Explanation of performance considerations of read/write on Google Datastore (GAE)?

598 views Asked by At

I'm having a very difficult time understanding the mechanics of the Google App Engine Datastore.
I want to understand the mechanics so I can build my database in an optimal way for the database.

Given my example below, can someone help me in:

  1. structure the database optimally
  2. understand the performance of both read and write given that structure

Example:
Let's say I have N baseball players and each has a unique ID.
I'd like to keep a daily tally of the homeruns hit by each player (storing a "total daily homeruns" property) and basically increment it when a homerun is hit.
So, as time increases, I'd like to show a graph of homeruns each day for each baseball player over X years.

Player 1
1/21/2011 - 2 homeruns
1/22/2011 - 0 homeruns
1/23/2011 - 1 homeruns

Read Requirement: Read the last 5 years of daily "homerun" data for a certain player?
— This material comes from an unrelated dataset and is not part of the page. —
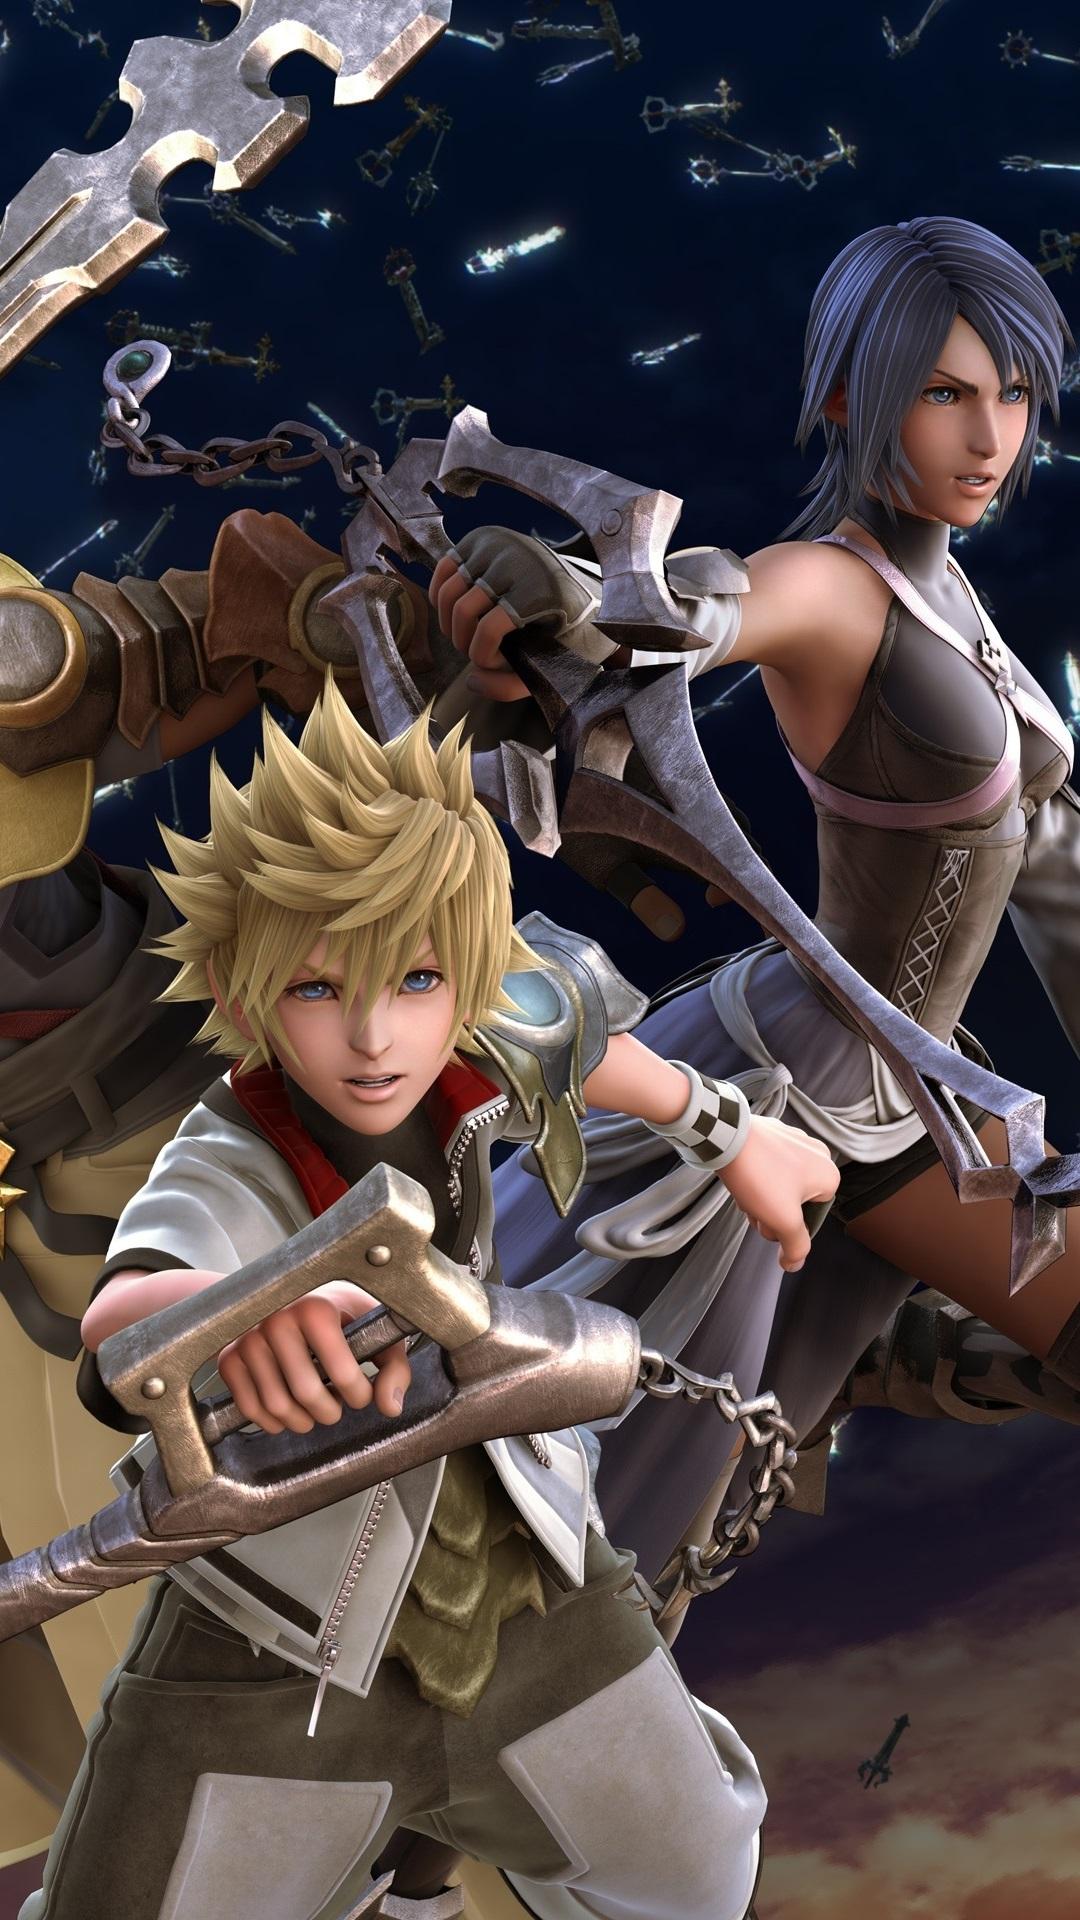 Final Fantasy Xiv 2012 Hd 1080x1920 Iphone 8 7 6 6s Plus

Write Requirement: Increment a daily homerun count for a certain baseball player.

I would love to understand how to structure the data and also the mechanics of both read and write? Will this simple storage task scale? Thanks all.

2

There are 2 answers

0
systempuntoout On BEST ANSWER

I would model your requirements with a one-to-many relationship like this:

class Player(db.Model):
  name = db.StringProperty()

class DailyHomeruns(db.Model):
  date = db.DateProperty()
  counter = db.IntegerProperty()
  player = db.ReferenceProperty(Player)

To retrieve all the DailyHomeruns of a given Player you can do it in this way:

daily_homeruns = DailyHomeruns.all().filter('player =', player)
                                    .filter('date >', date_start)
                                    .filter('date <=', date_end)
                                    .order('date')

Read Requirement:

Google App Engine performance queries scales with the size of the result set and not with the size of the data set.

This means that if your last 5 years homeruns query set contains in average 800 entities *, this query performs the same whether it searches over a thousand entities or a million entities.

Write Requirement:
Writes are slow in Google App Engine but your scenario seems quite trivial and I don't see any possible contention/timeout problem; after all you just need to serially update the DailyHomeruns incrementing the counter for a small number of times per day.

Other thoughts:
If you need to calculate some stats, for example the total number of Homeruns of a given Player ,don't even think to use GQL for this purpose because it does not provide any aggregate function à la SQL.
Instead, you have to design your database upfront, defining a model to store the total count of Homeruns per player.
Using the transactions API, each time you increment the DailyHomeruns you will need to increment the TotalHomeruns entity for that Player.

* I have estimated 3 matches per week for 52 weeks multiplied per 5 years

3
guigouz On

There's no single answer to this question. The datastore is really low level and it's up to you to create the right indexes and preprocess data so it can be retrieved faster. Also, depending on concurrent access to the same entity, you'd have to use pretty creative stuff like http://code.google.com/appengine/articles/sharding_counters.html

I can recommend you watching two Google I/O Sessions to get you started http://sites.google.com/site/io/under-the-covers-of-the-google-app-engine-datastore gives you a low-level overview of how everything works and why they were done this way (down to how the sectors are written to disk)

Then http://sites.google.com/site/io/building-scalable-web-applications-with-google-app-engine will show you how to use that low level stuff in real world applications.

There's another one which presents other solutions to common problems http://www.google.com/events/io/2009/sessions/BuildingScalableComplexApps.html - nice to open your mind to new kinds of solutions to the datastore's limitations.